Intended Use for the Kits
The ChargeSwitch gDNA Buccal Cell Kits are designed to allow isolation of the following amounts of genomic DNA from human buccal cell swabs or pelleted cells from a mouthwash. Samples can be stored for up to 2 weeks at 4°C before processing without a noticeable loss in DNA yield or quality. The purified genomic DNA is suitable for use in downstream applications such as PCR.
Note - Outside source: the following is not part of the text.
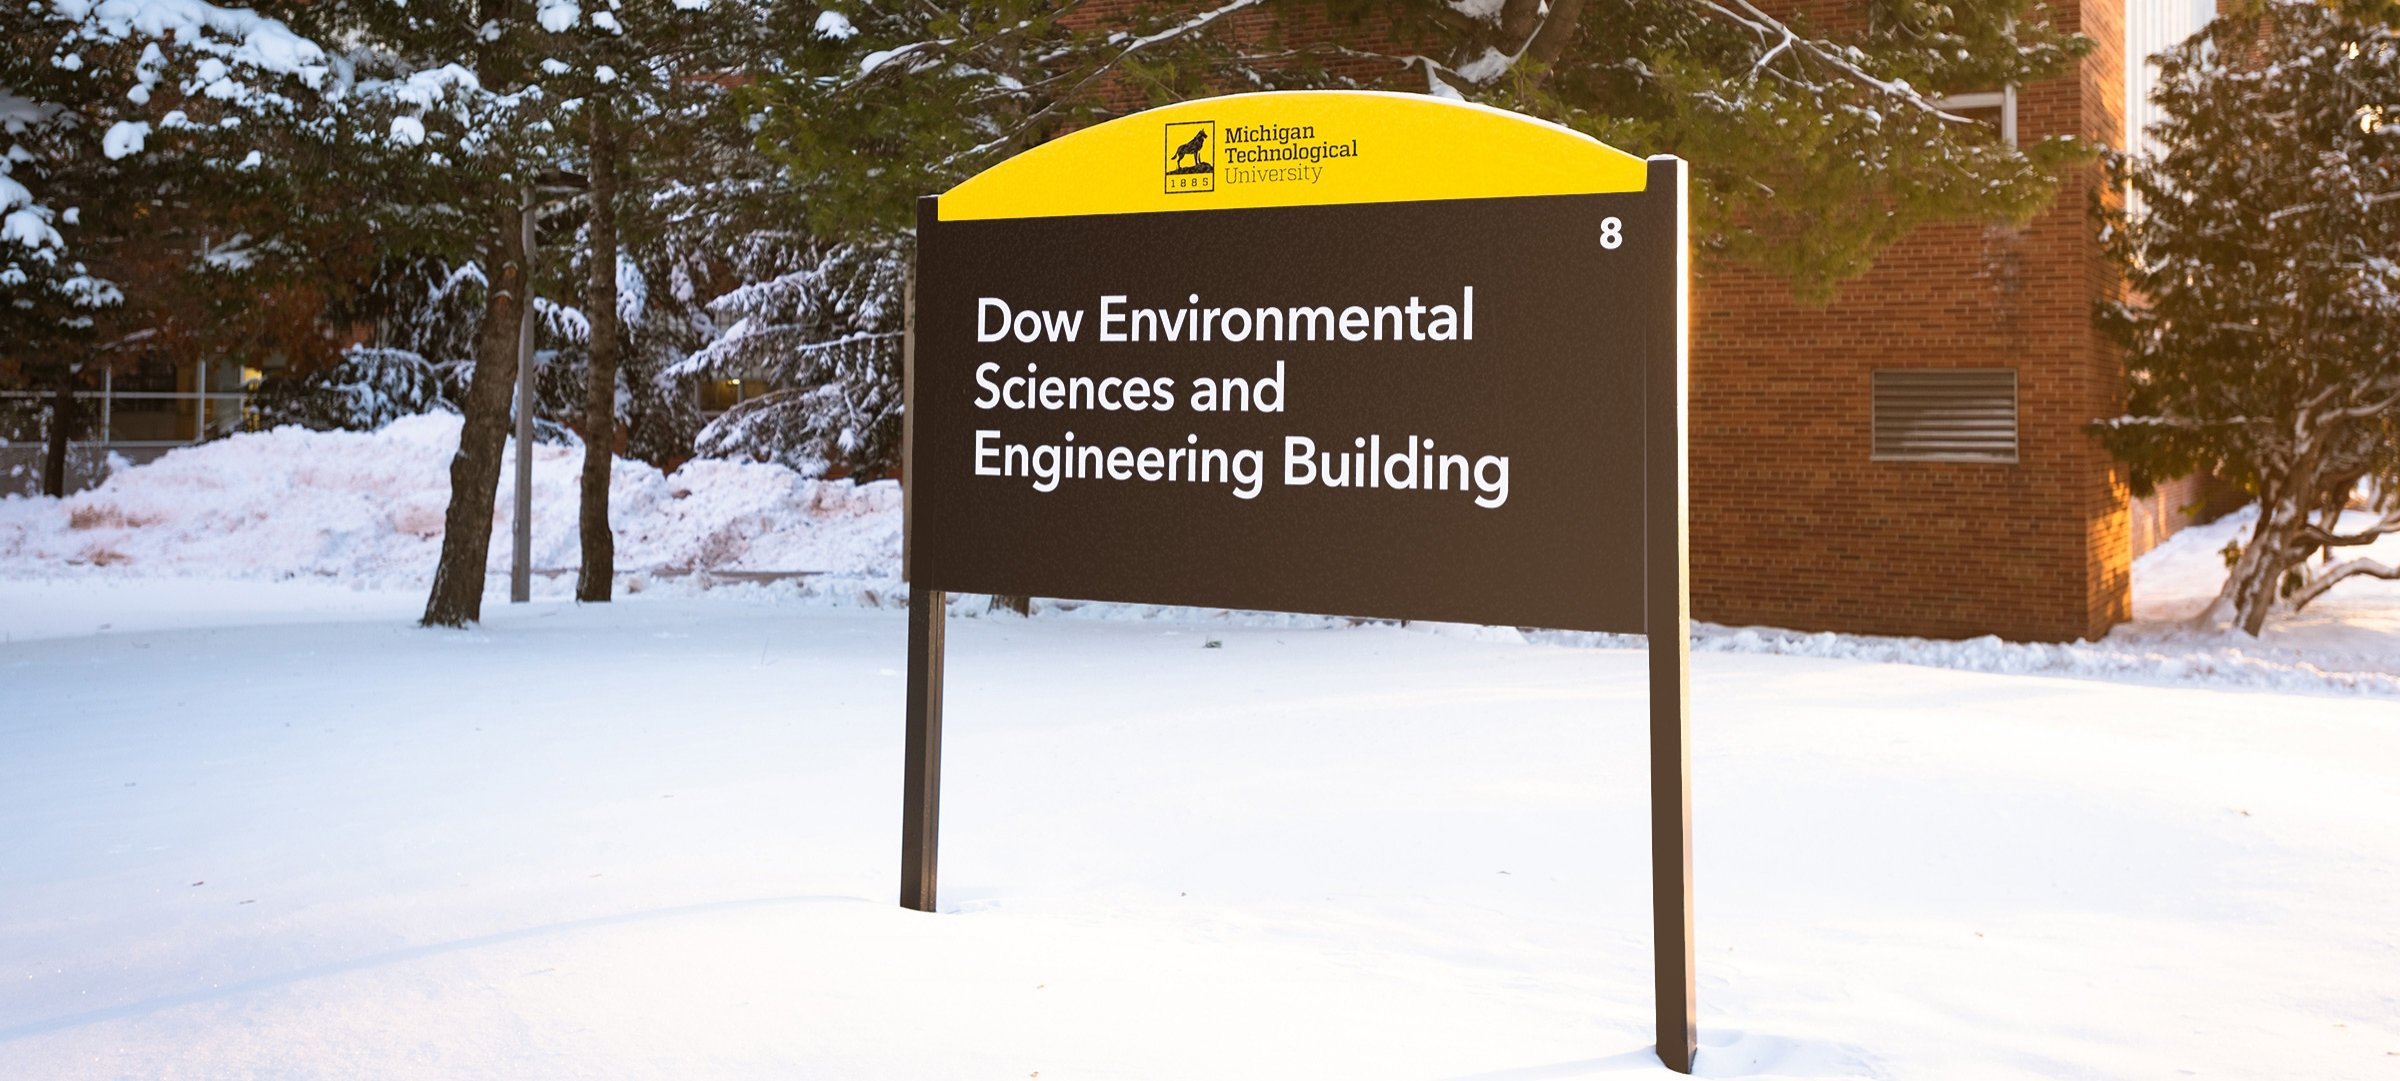 Dow Environmental Sciences and Engineering Building sign

Important: The DNA yield varies and is dependent on several factors including the technique of the person taking the swab, whether the donor is a high or low shedder, and the type of swab used.
Advantages
Use of the ChargeSwitch gDNA Buccal Cell Kits to isolate genomic DNA provides the following advantages:
System Specifications
Starting Material: | Human buccal swabs |
Elution Volume: | 150 µl |
DNA Yield: | 1-3 ng/µl in 150 µl (Normalized Buccal Cell Kit) or up to 6µg (Buccal Cell Kit) |
DNA Size: | Varies (depends on quality of starting material) |
The ChargeSwitch Technology
The ChargeSwitch Technology (CST) is a novel magnetic bead-based technology that provides a switchable surface charge dependent on the pH of the surrounding buffer to facilitate nucleic acid purification. In low pH conditions, the CST beads have a positive charge that binds the negatively charged nucleic acid backbone (see figure below). Proteins and other contaminants are not bound and are simply washed away in an aqueous wash buffer. To elute nucleic acids, the charge on the surface of the bead is neutralized by raising the pH to 8.5 using a low salt elution buffer (see figure below). Purified DNA elutes instantly into this elution buffer, and is ready for use in downstream applications.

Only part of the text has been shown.